Social Icons

Selasa, 13 Mei 2014

Kaitan Komputer Forensik terhadap Kejahatan Komputer

Di masa informasi bebas seperti sekarang ini, terjadi kecenderungan peningkatan kerugian finansial dari pihak pemilik komputer karena kejahatan komputer. Kejahatan komputer dibagi menjadi dua, yaitu computer fraud dan computer crime. Computer fraud meliputi kejahatan/pelanggaran dari segi sistem organisasi komputer. Sedang computer crime merupakan kegiatan berbahaya di mana menggunakan media komputer dalam melakukan pelanggaran hukum.

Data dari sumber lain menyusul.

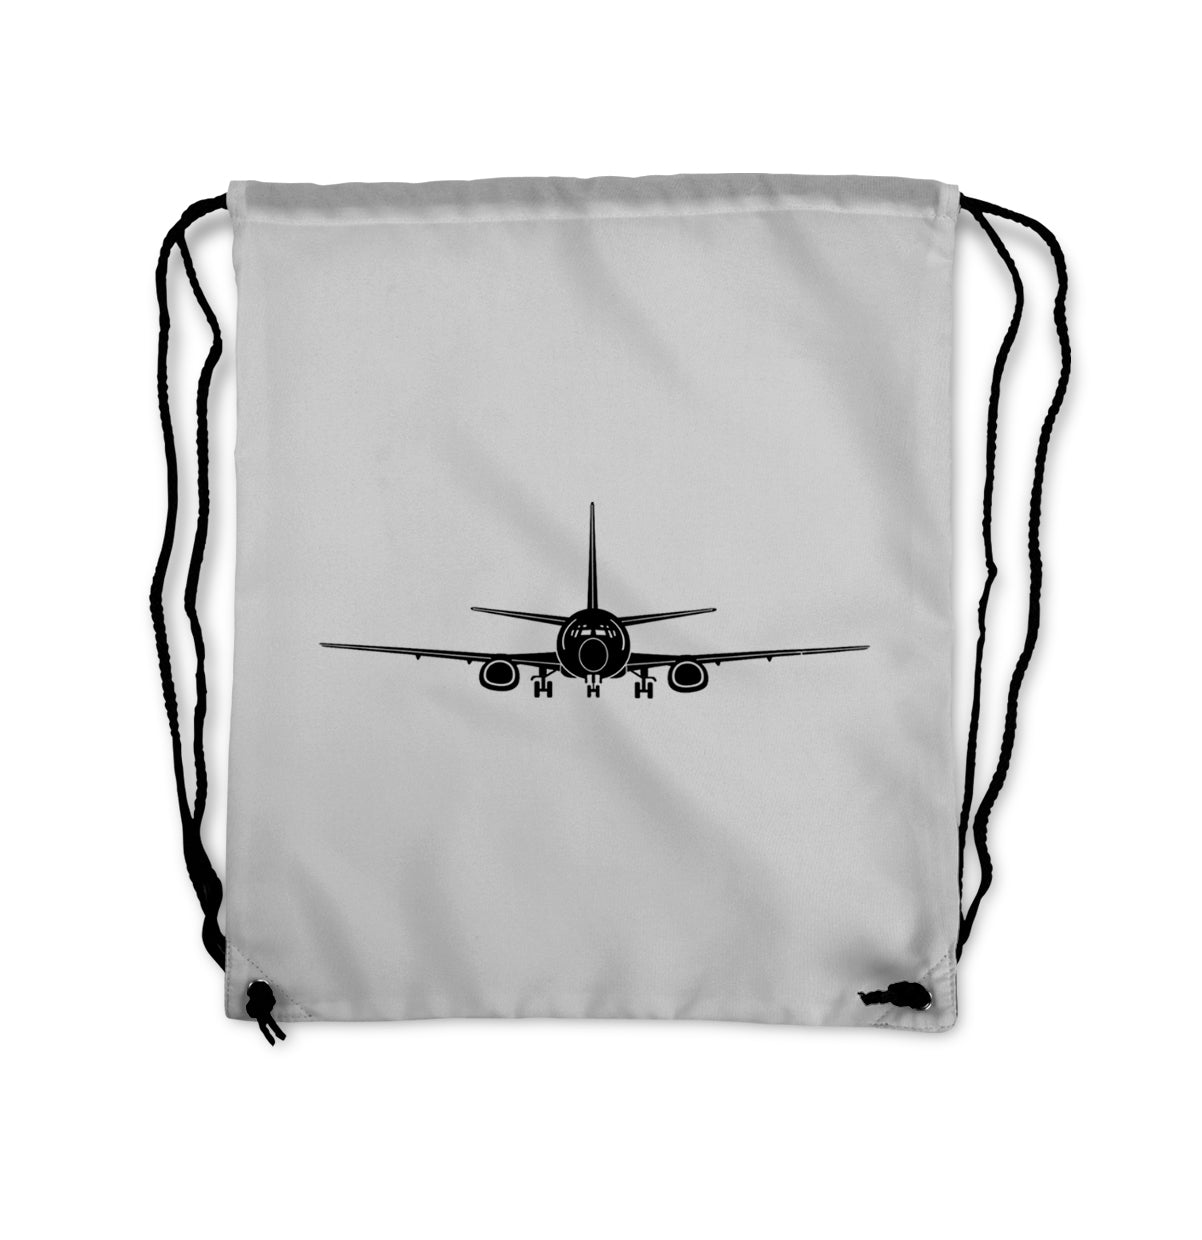 Boeing 737 Silhouette Designed Drawstring Bags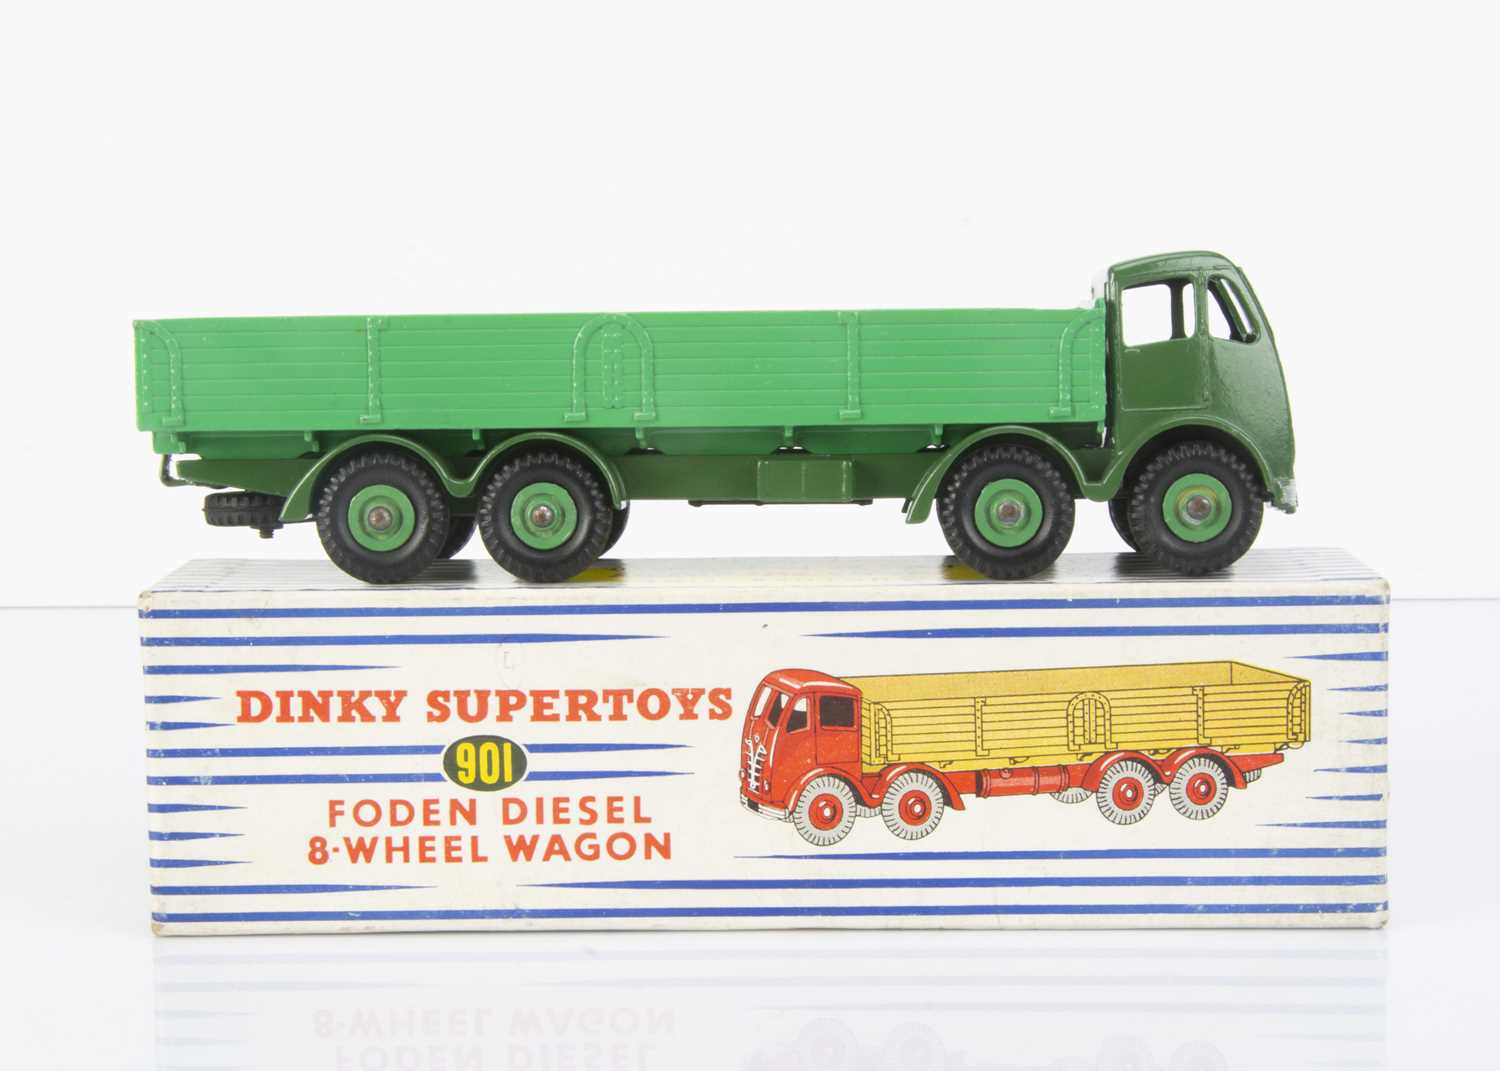 Lot 127 - A Dinky Supertoys 901 Foden Diesel 8-Wheel Wagon

Untuk menginvestigasi dan menganalisa kedua kejahatan di atas, maka digunakan sistem forensik dalam teknologi informasi.
a.  The Council of Europe (CE) membentuk Committee of Experts on Crime ini Cyber space of The Committee on Crime problem, yang pada tanggal 25 April 2000 telah mempublikasikan draft Convention on Cyber Crime sebagai hasil kerjanya, yang menurut Susan Brenner dari University of Daytona School of Law, merupakan perjanjian internasional pertama yang mengatur hukum pidana dan aspek proseduralnya untuk berbagai tipe tindak pidana yang berkaitan erat dengan penggunaan komputer, jaringan atau data, serta berbagai penyalahgunaan sejenis. Cyber Crime dalam konvensi Palermo tentang kejahatan trans nasional merupakan bagian dari bentuk kejahatan trans nasional. Sehingga bangsa-bangsa atau negara-negara di dunia harus mematuhi konsesni ini guna menjamin hubungan yang lebih baik dengan bangsa-bangsa di dunia.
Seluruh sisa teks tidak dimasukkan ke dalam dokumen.